現代の私たちの目から見ても、縄文時代の土器や土偶は大変に魅力的な姿をしている。その魅力は、単に装飾的な奇抜さや美しさというだけではなく、何か呪術的な力を秘めているように感じられるところからも来ている。
縄文という名前は、発掘された土器に「縄目の模様」が付けられていたことから来ている。縄を複雑により合わせて模様を付ける技法は日本独自のものであり、模様の種類は百数十種類に及ぶという。
そのことは、「縄」が、新石器時代に日本列島に生きた人々の生活に深く入り込んでいたことの証だと考えられる。
縄は植物繊維を主な素材とし、繊維の束をより合わせて強度を高め、継ぎ足すことで長さを伸ばし、織ることで布を作ることもできる。

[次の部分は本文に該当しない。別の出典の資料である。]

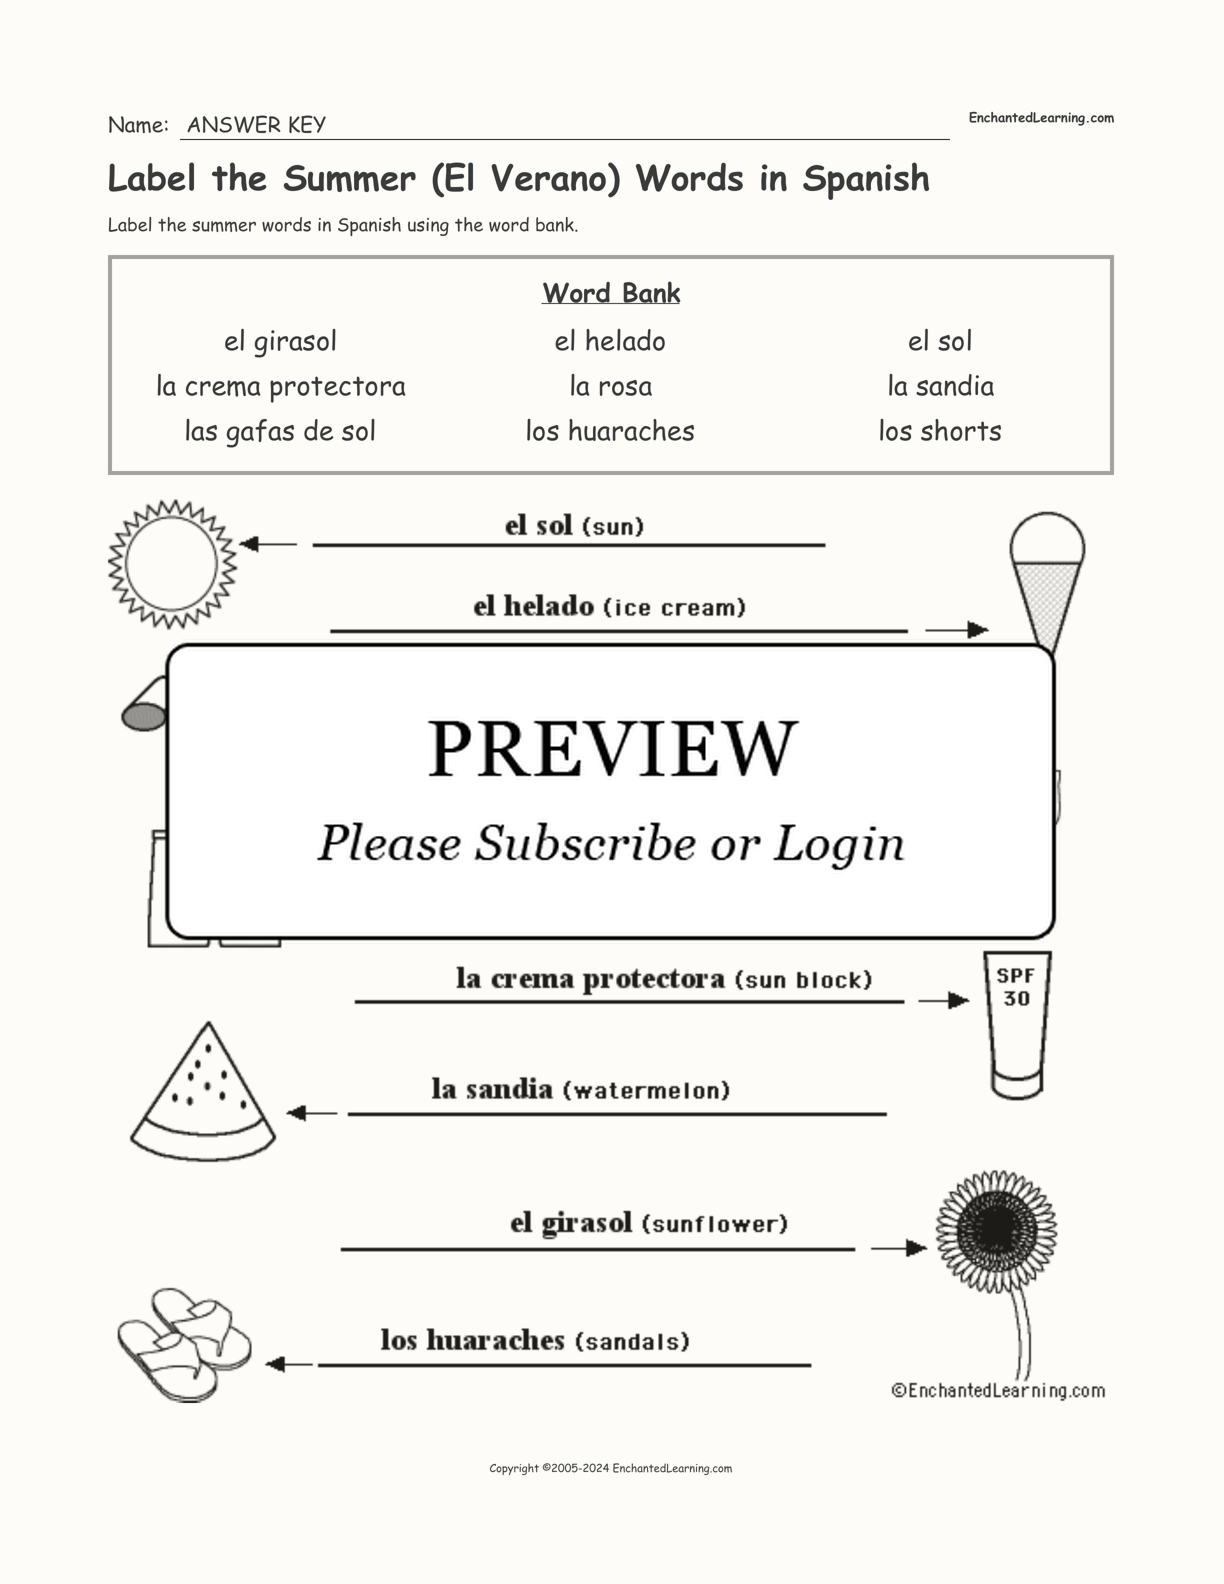 Label the Summer (El Verano) Words in Spanish interactive worksheet page 2

縄文人は縄をよることで植物由来の素材を加工し、衣服など生活に必要なものを制作する一方、土器や土偶には縄を使い様々な模様を施した。
それらの土器や土偶を通して、縄文人の精神性の一端を知ることができないだろうか?
もしそれが可能であれば、8世紀初頭に『古事記』や『日本書紀』の中で文字によって表現された日本的心性の源泉を知ることに繋がるかもしれない。